● Exercise instructions: The response should repeat word for word every line below from the one with "PARKLAND PARKLAND backpack Edison Maravilla" to the one with "Bulova 97B179 Chronograph Quartz Men's Watch", inclusive, and nothing else; leave pictures out.

● Data excerpts:

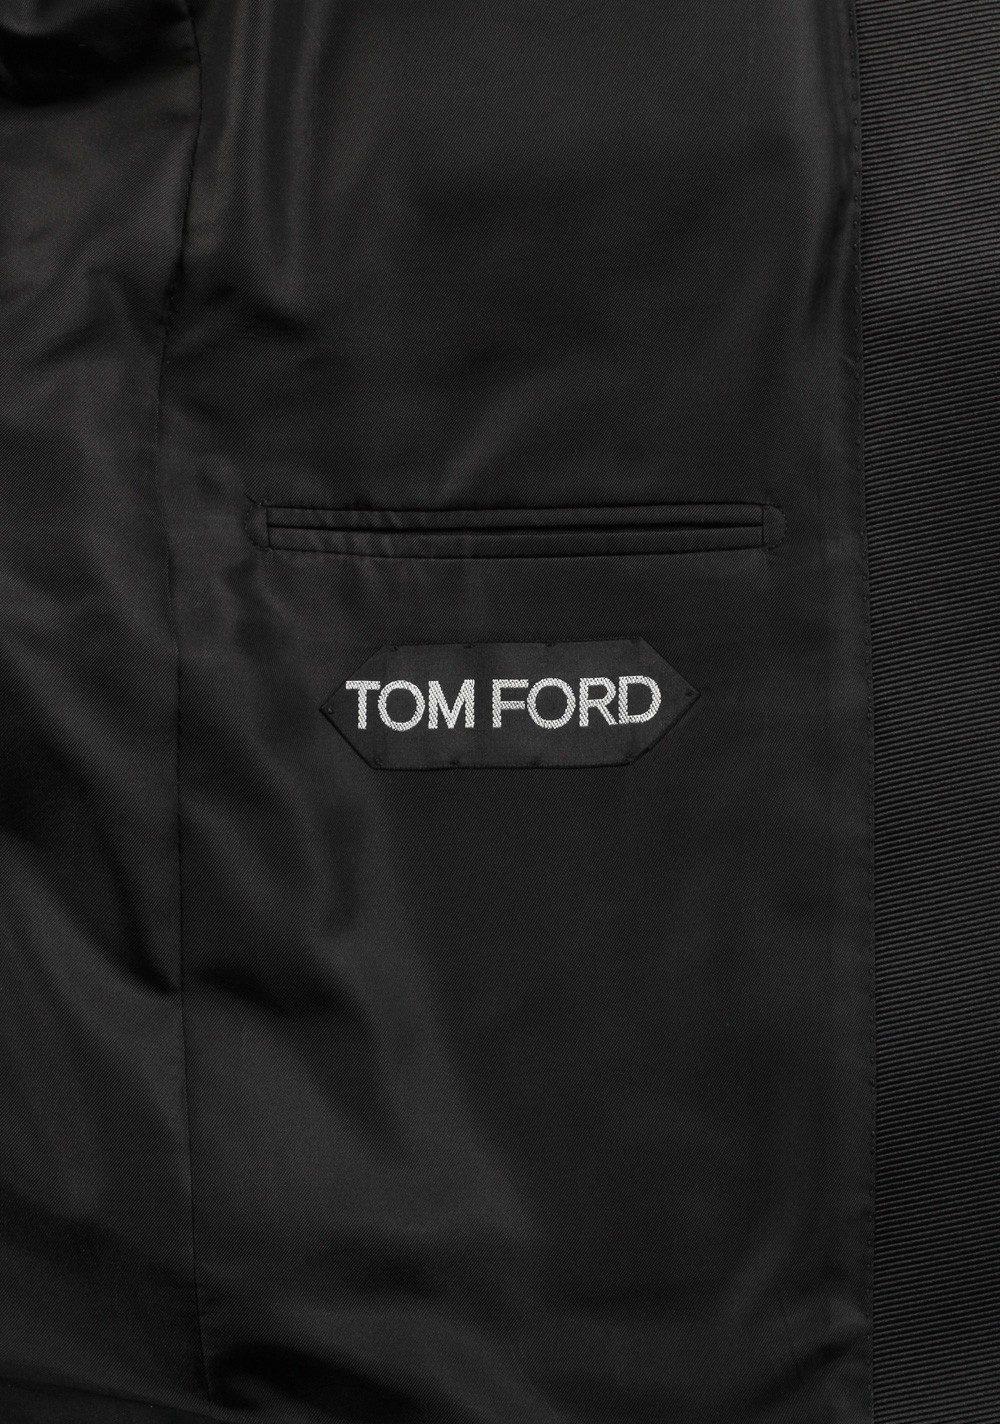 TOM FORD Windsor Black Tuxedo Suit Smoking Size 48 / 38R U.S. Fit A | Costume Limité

...

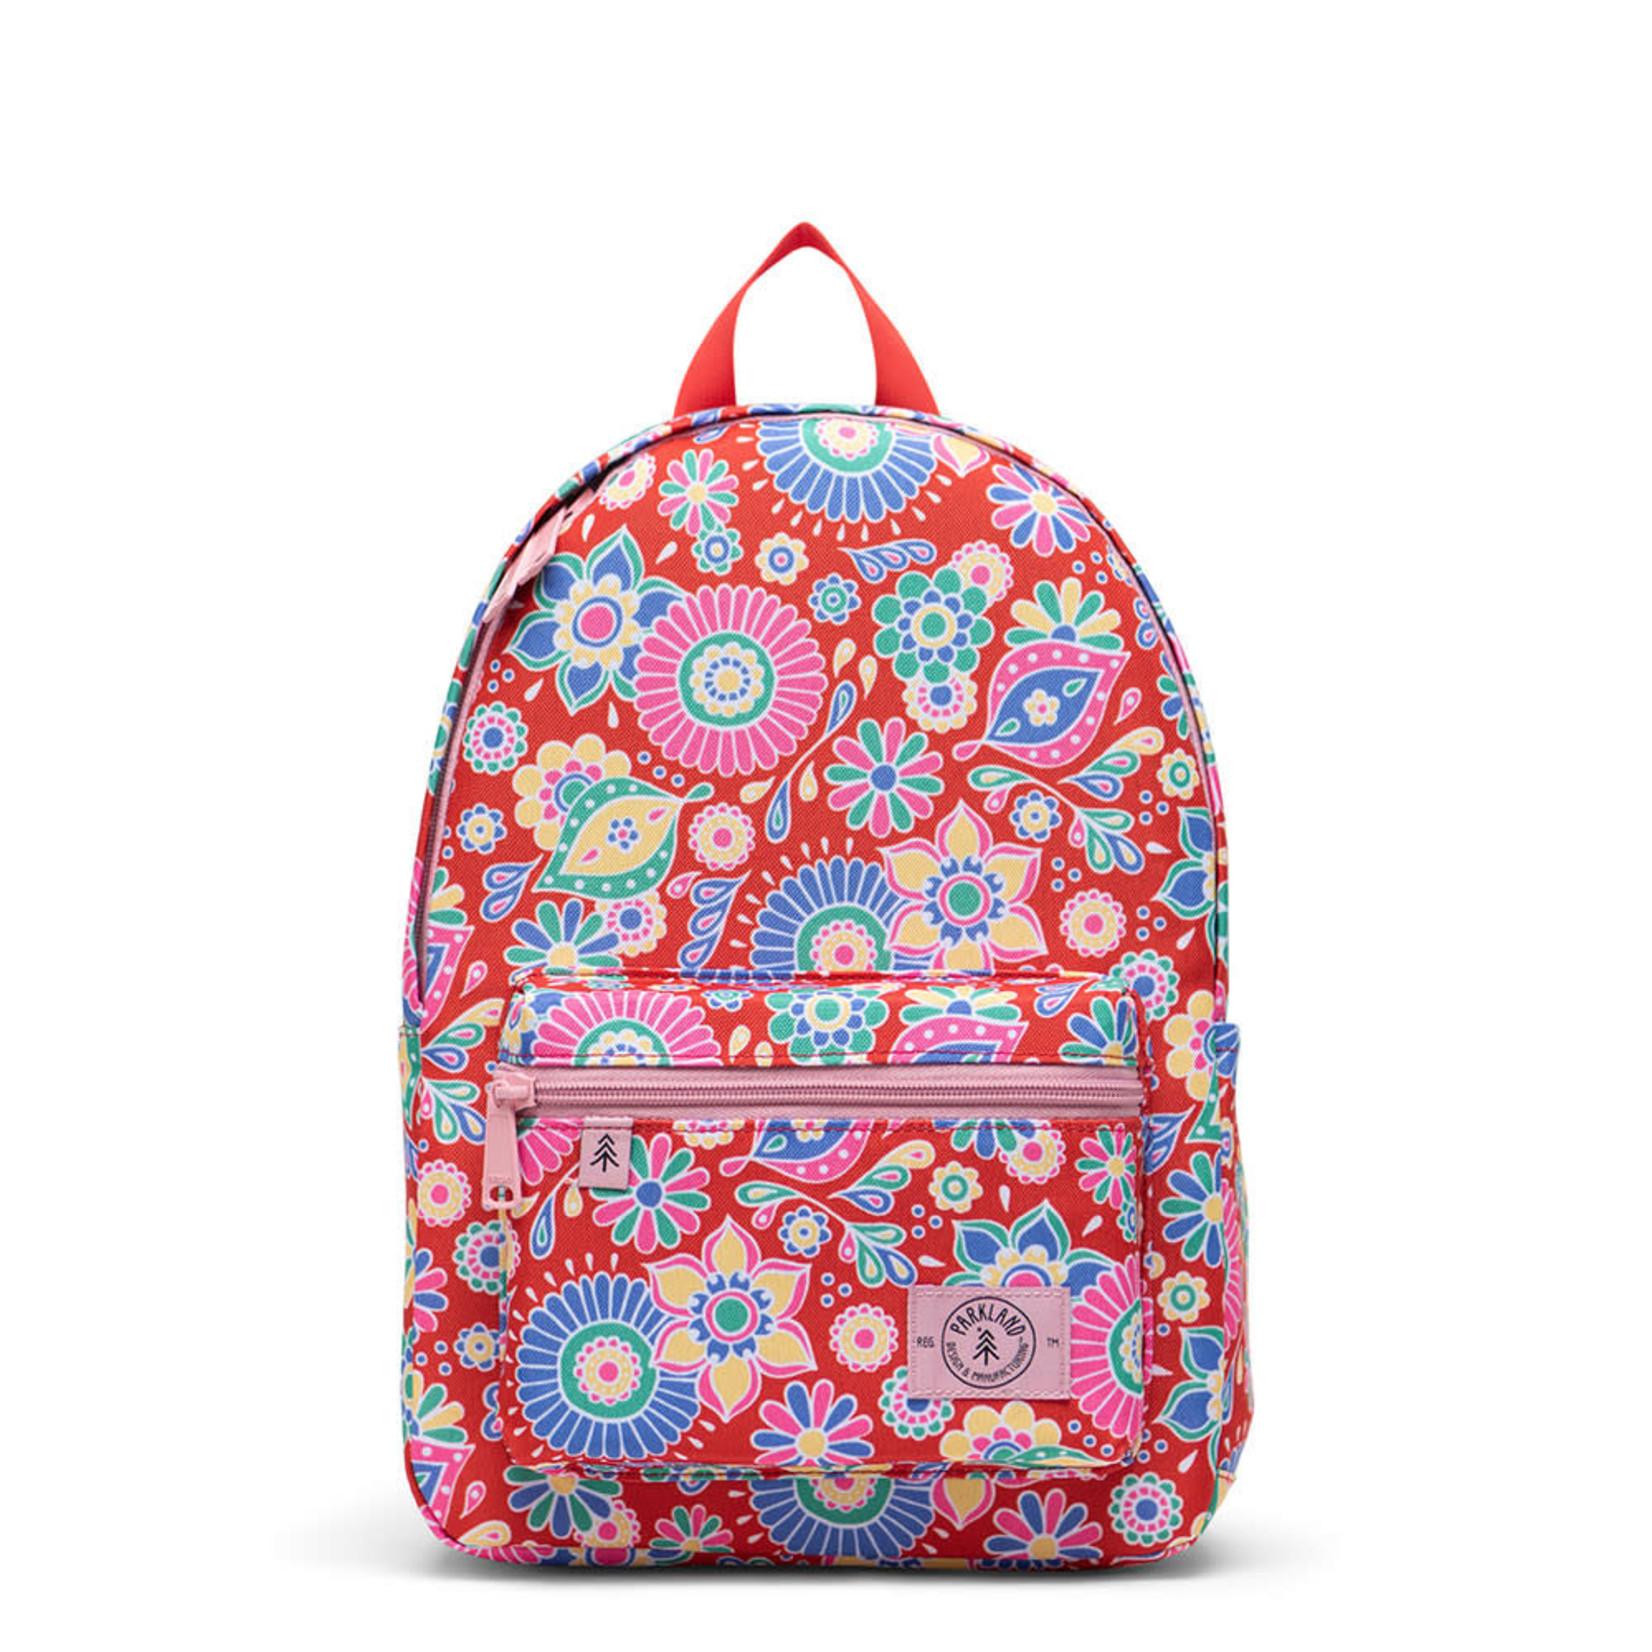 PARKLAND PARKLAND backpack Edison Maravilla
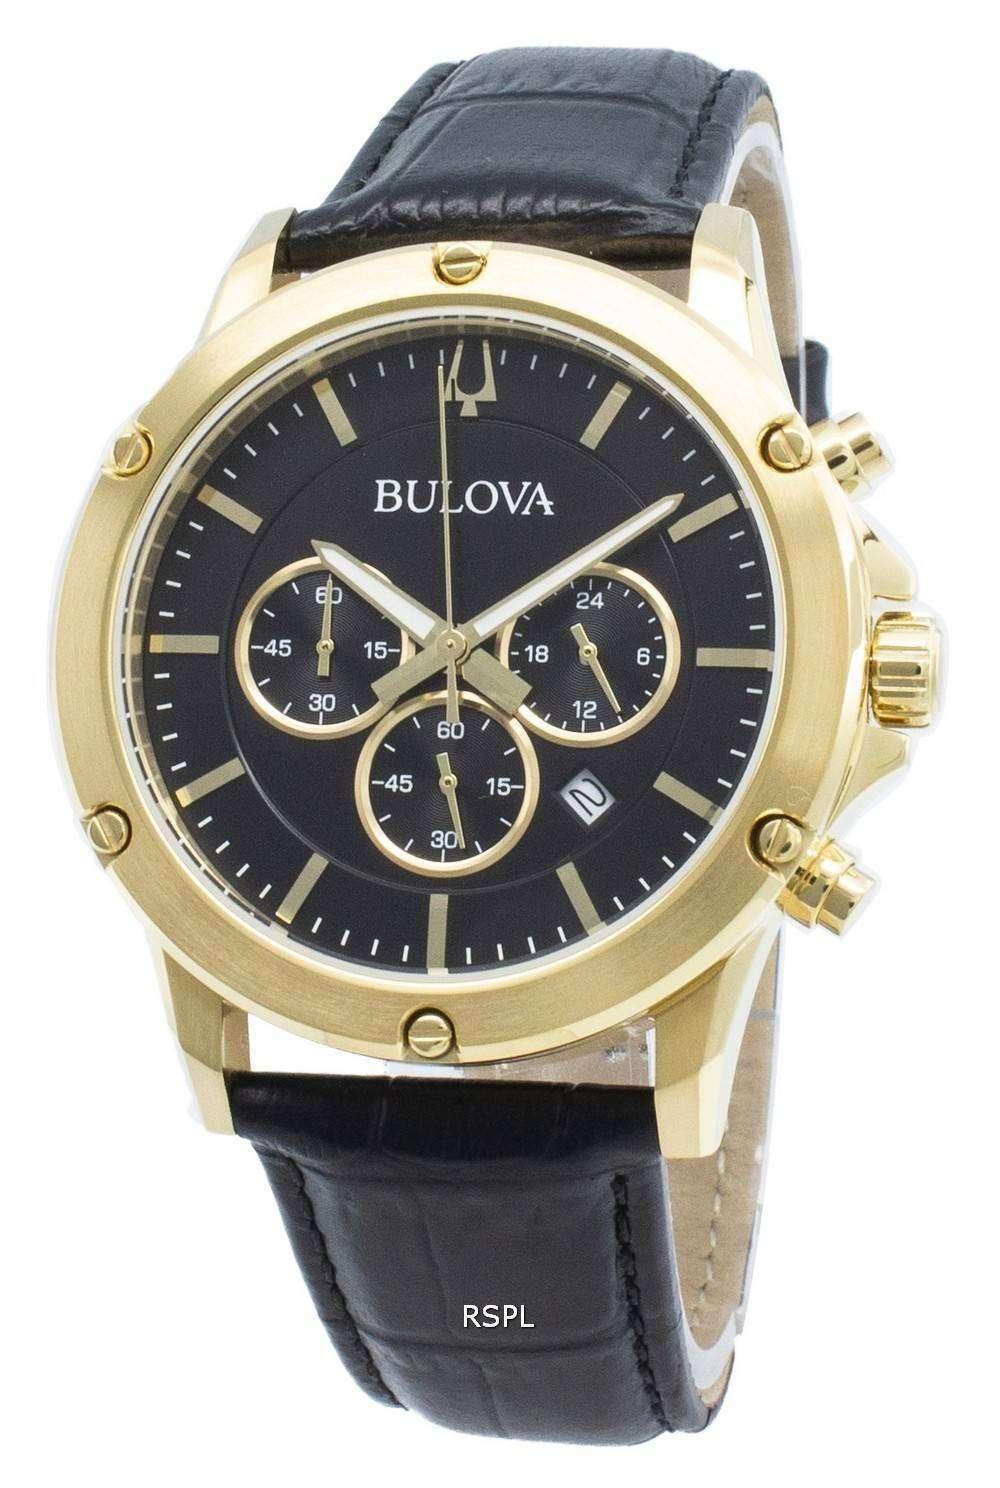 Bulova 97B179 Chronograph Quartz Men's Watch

---

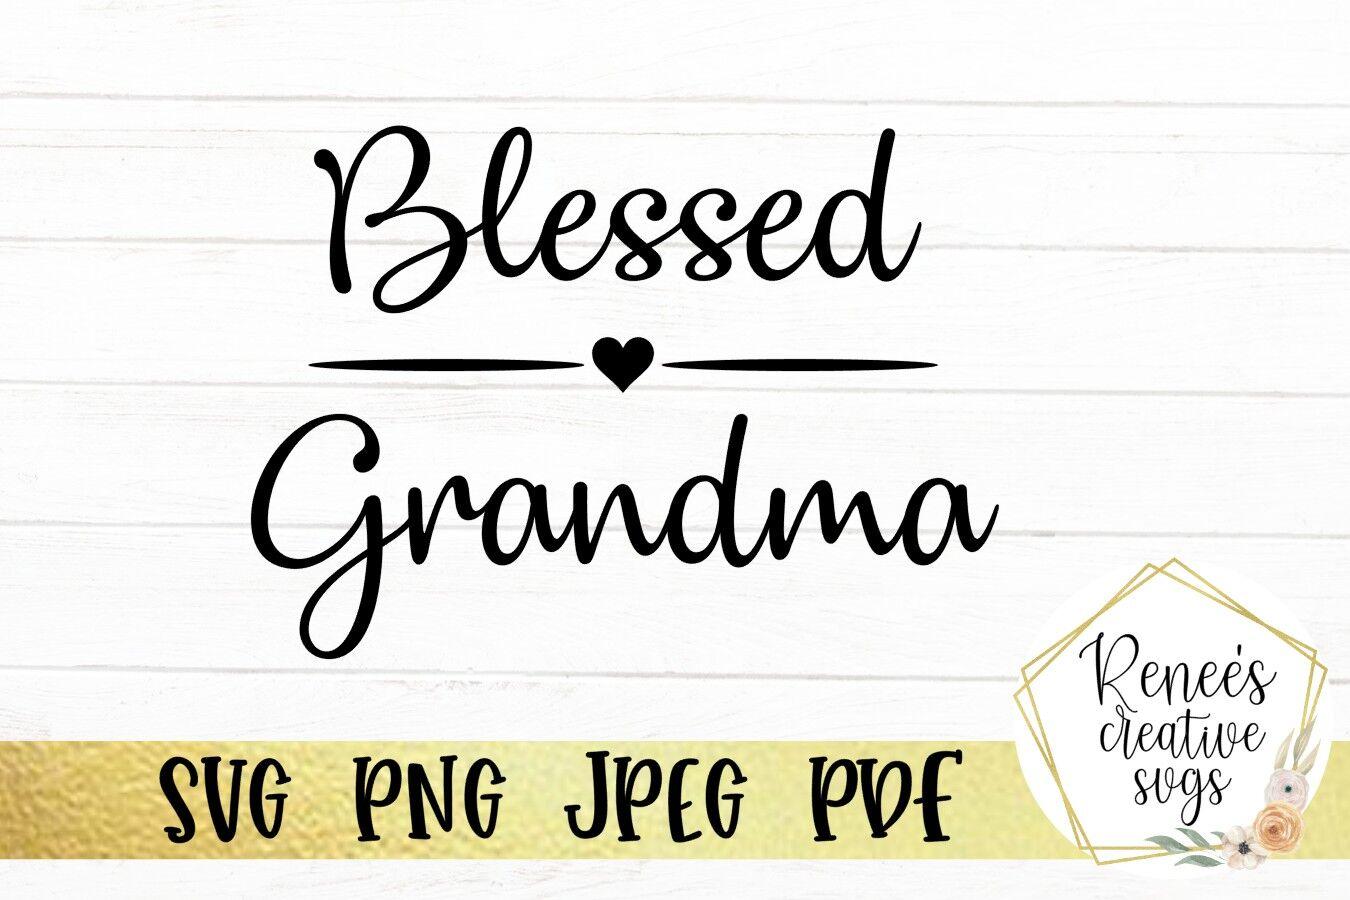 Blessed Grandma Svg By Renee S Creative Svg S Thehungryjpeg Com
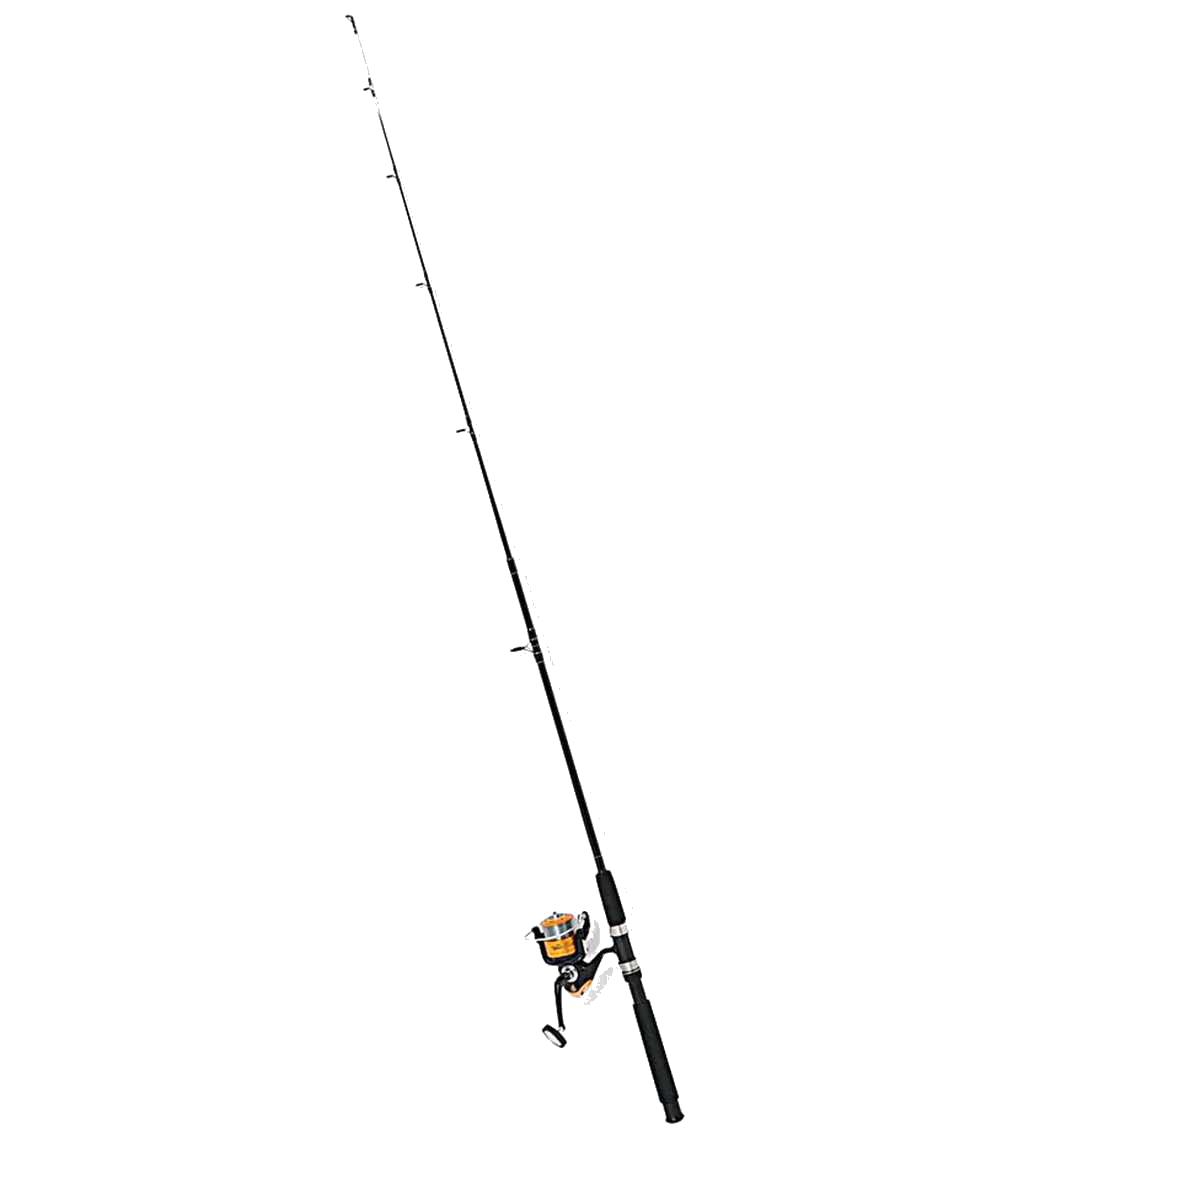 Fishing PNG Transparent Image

● Completed exercise:
 PARKLAND PARKLAND backpack Edison Maravilla
 Bulova 97B179 Chronograph Quartz Men's Watch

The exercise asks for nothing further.